[Task item]
Set down only these lines, exactly: the line containing "Regional reisen, Urlaub" and all lines through the end of the data below. Omit pictures.

[Input material]
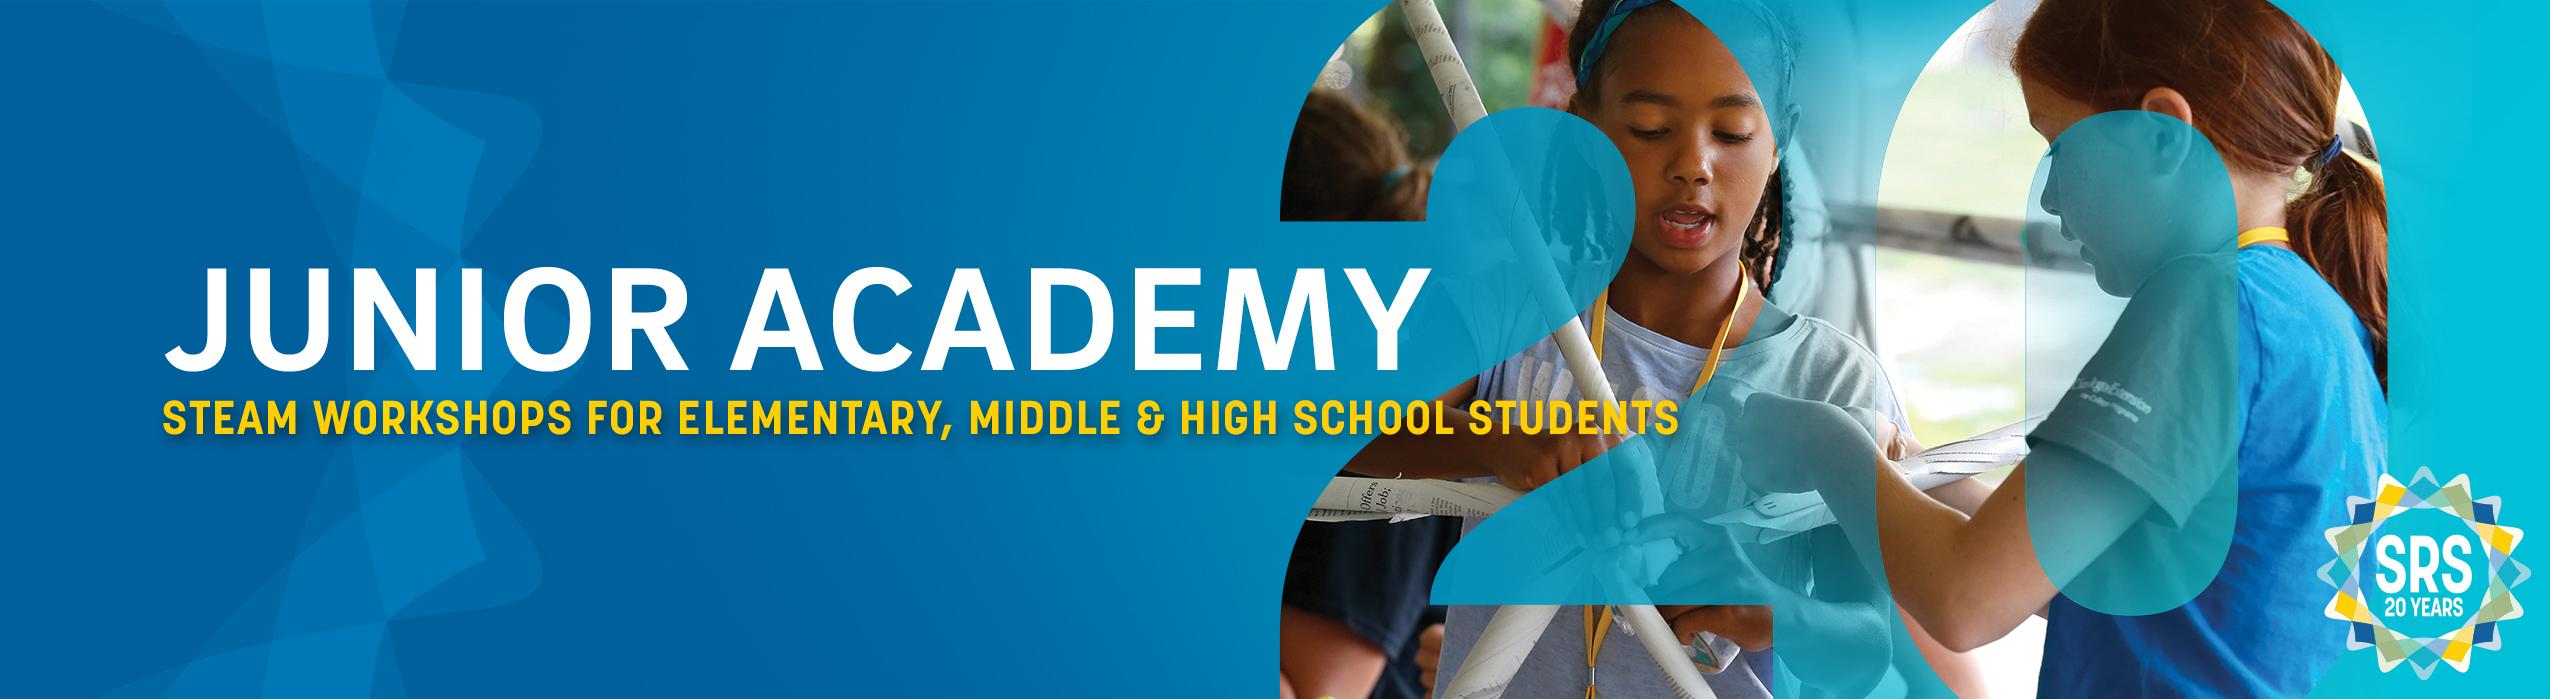 Steam summer workshops for elementary, middle & high school
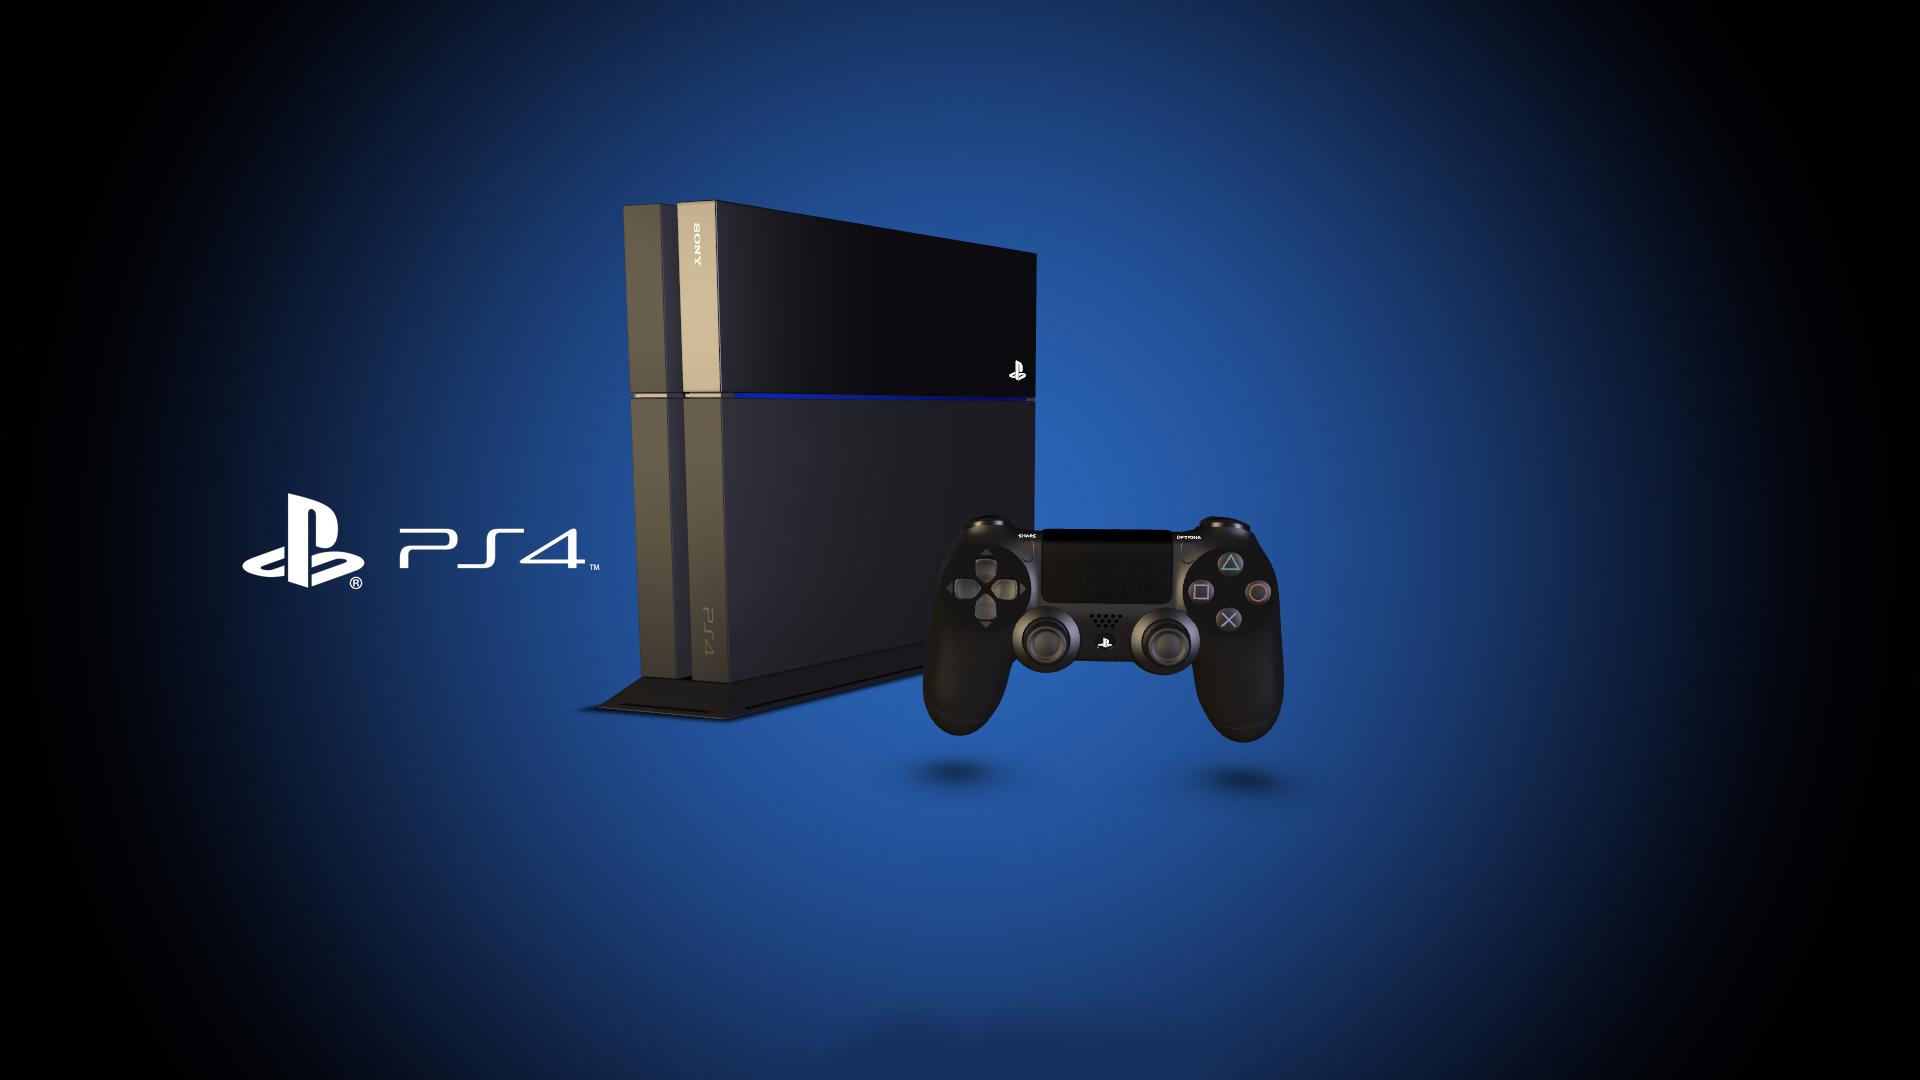 Playstation 4 Wallpaper 31881 1920x1080 px
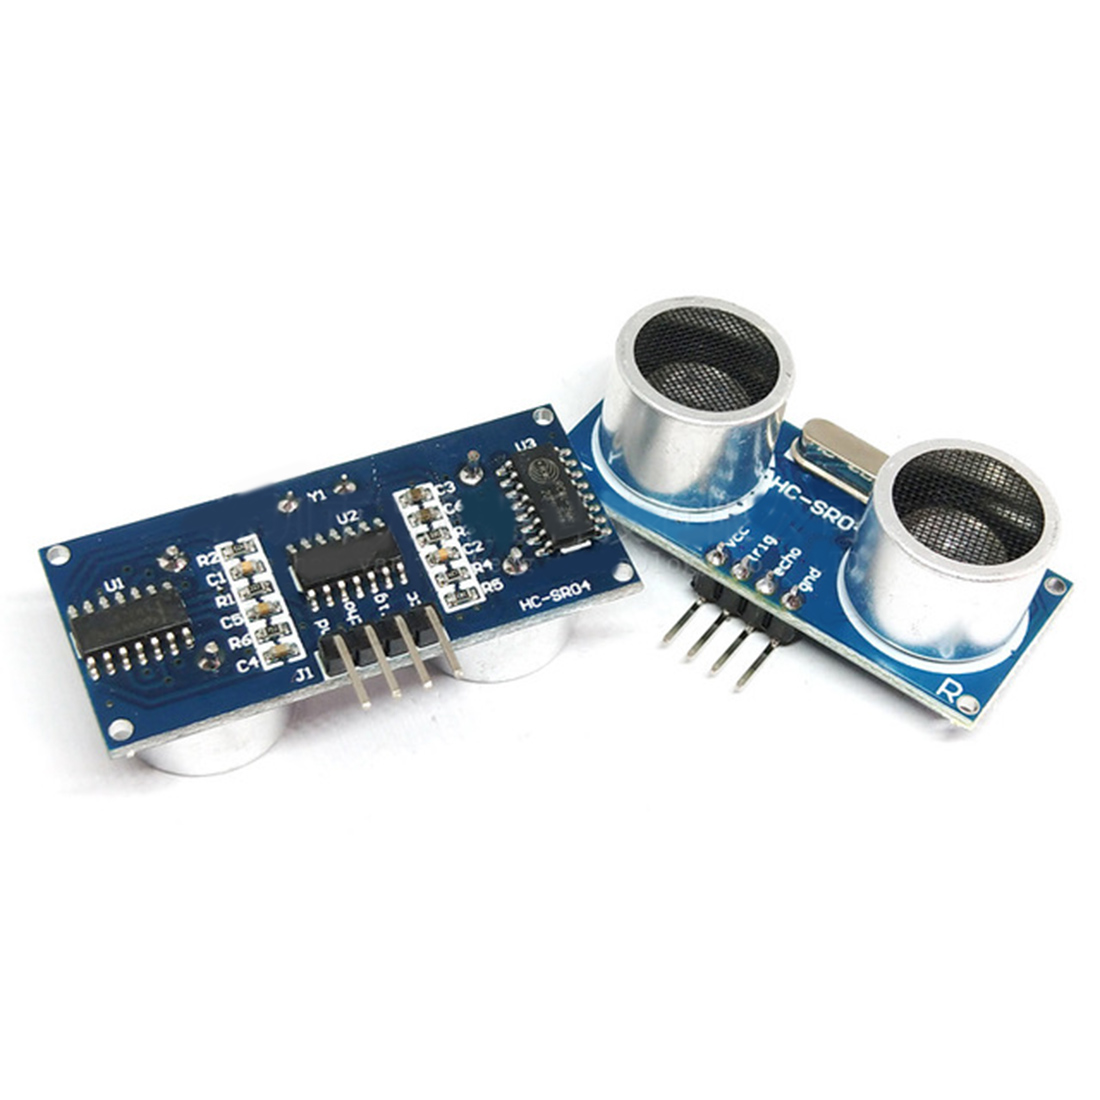 HC-SR04 Ultrasonic Module Ultrasonic Sensor Distance Measuring Transducer For DIY Programming Robot Car
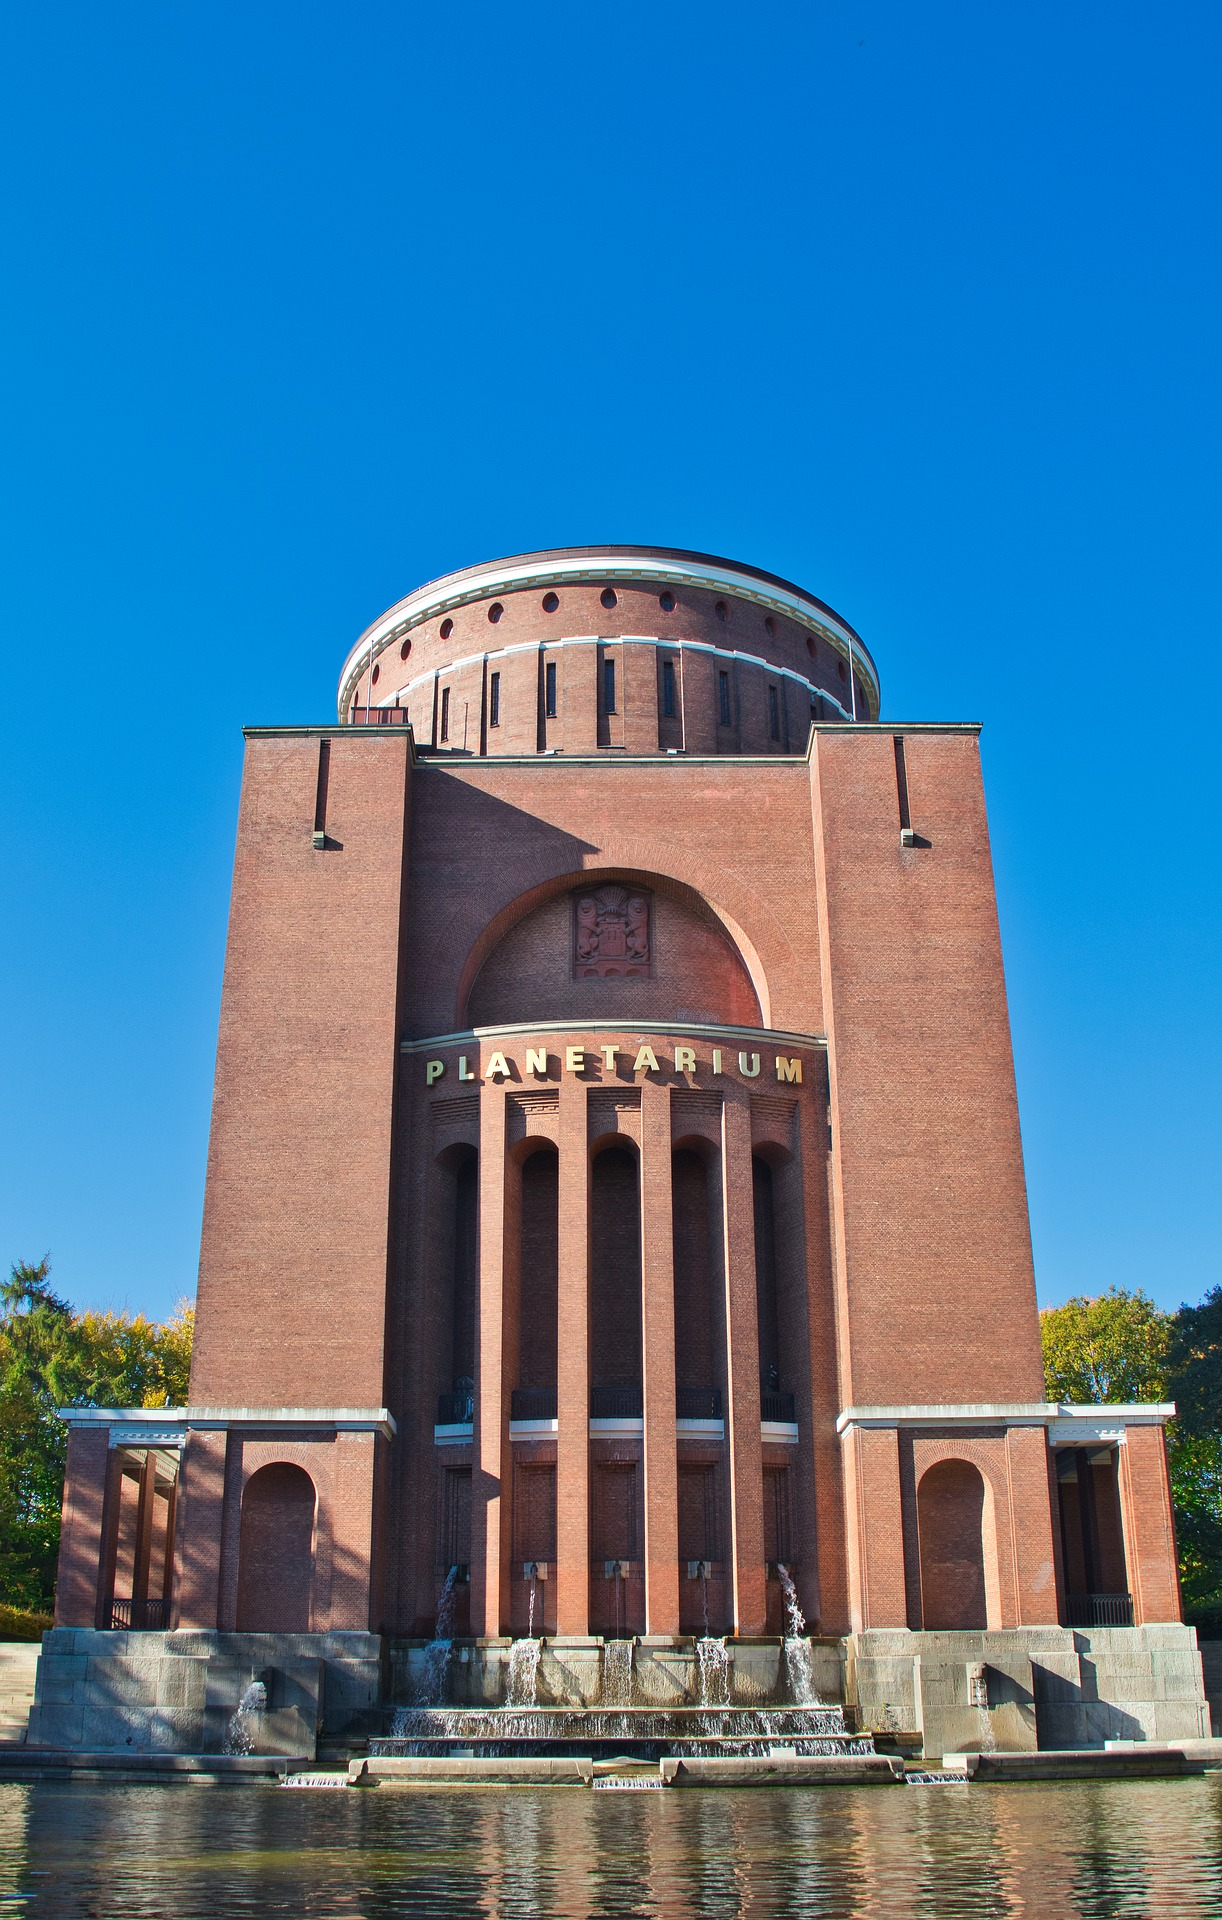 Regional reisen, Urlaub in Hamburg, Planetarium am Stadtpark
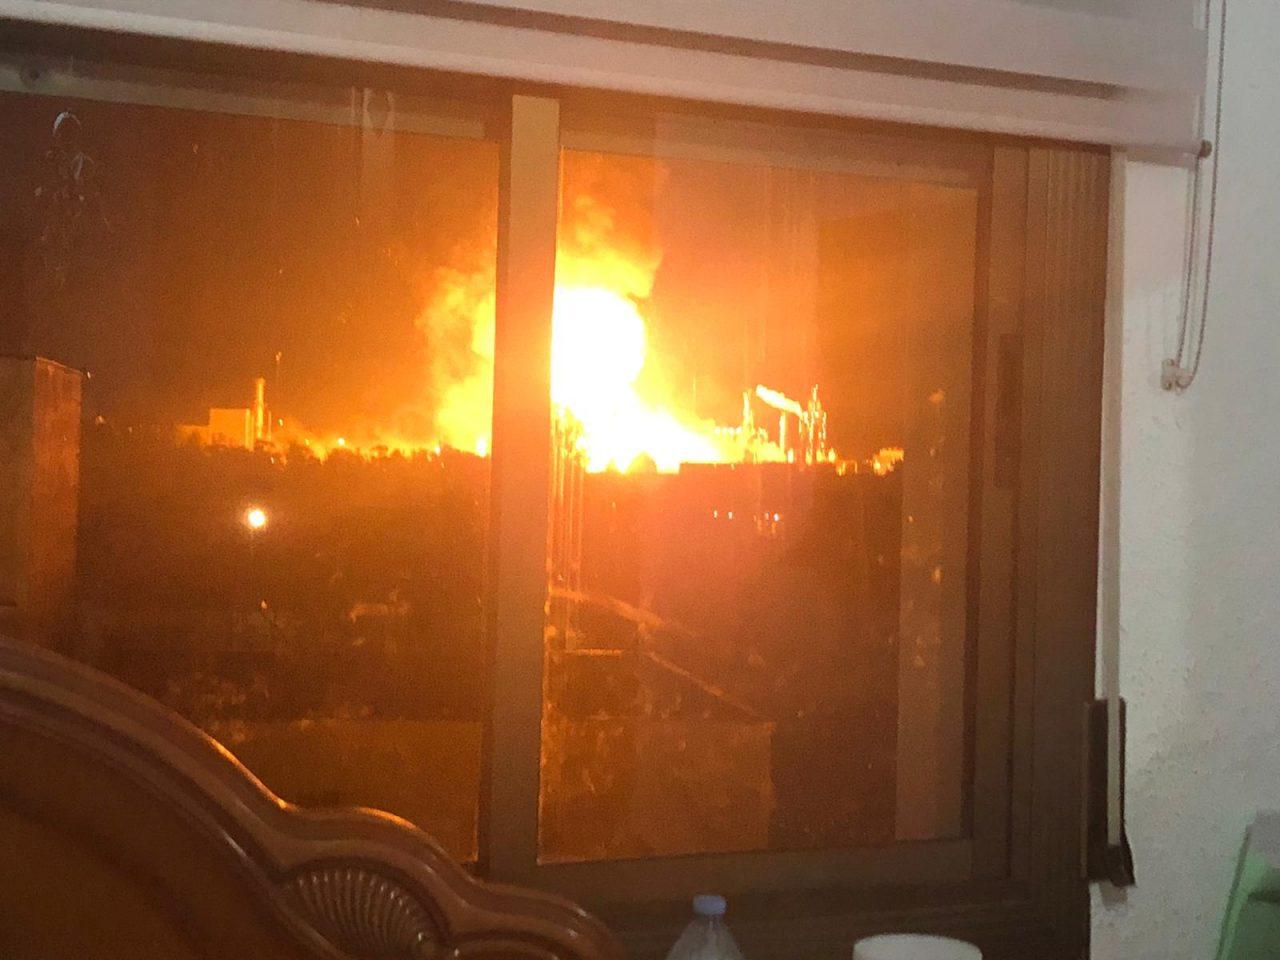 incendi_basf-1280x960.jpg

[Response to this exercise]
 Regional reisen, Urlaub in Hamburg, Planetarium am Stadtpark
 incendi_basf-1280x960.jpg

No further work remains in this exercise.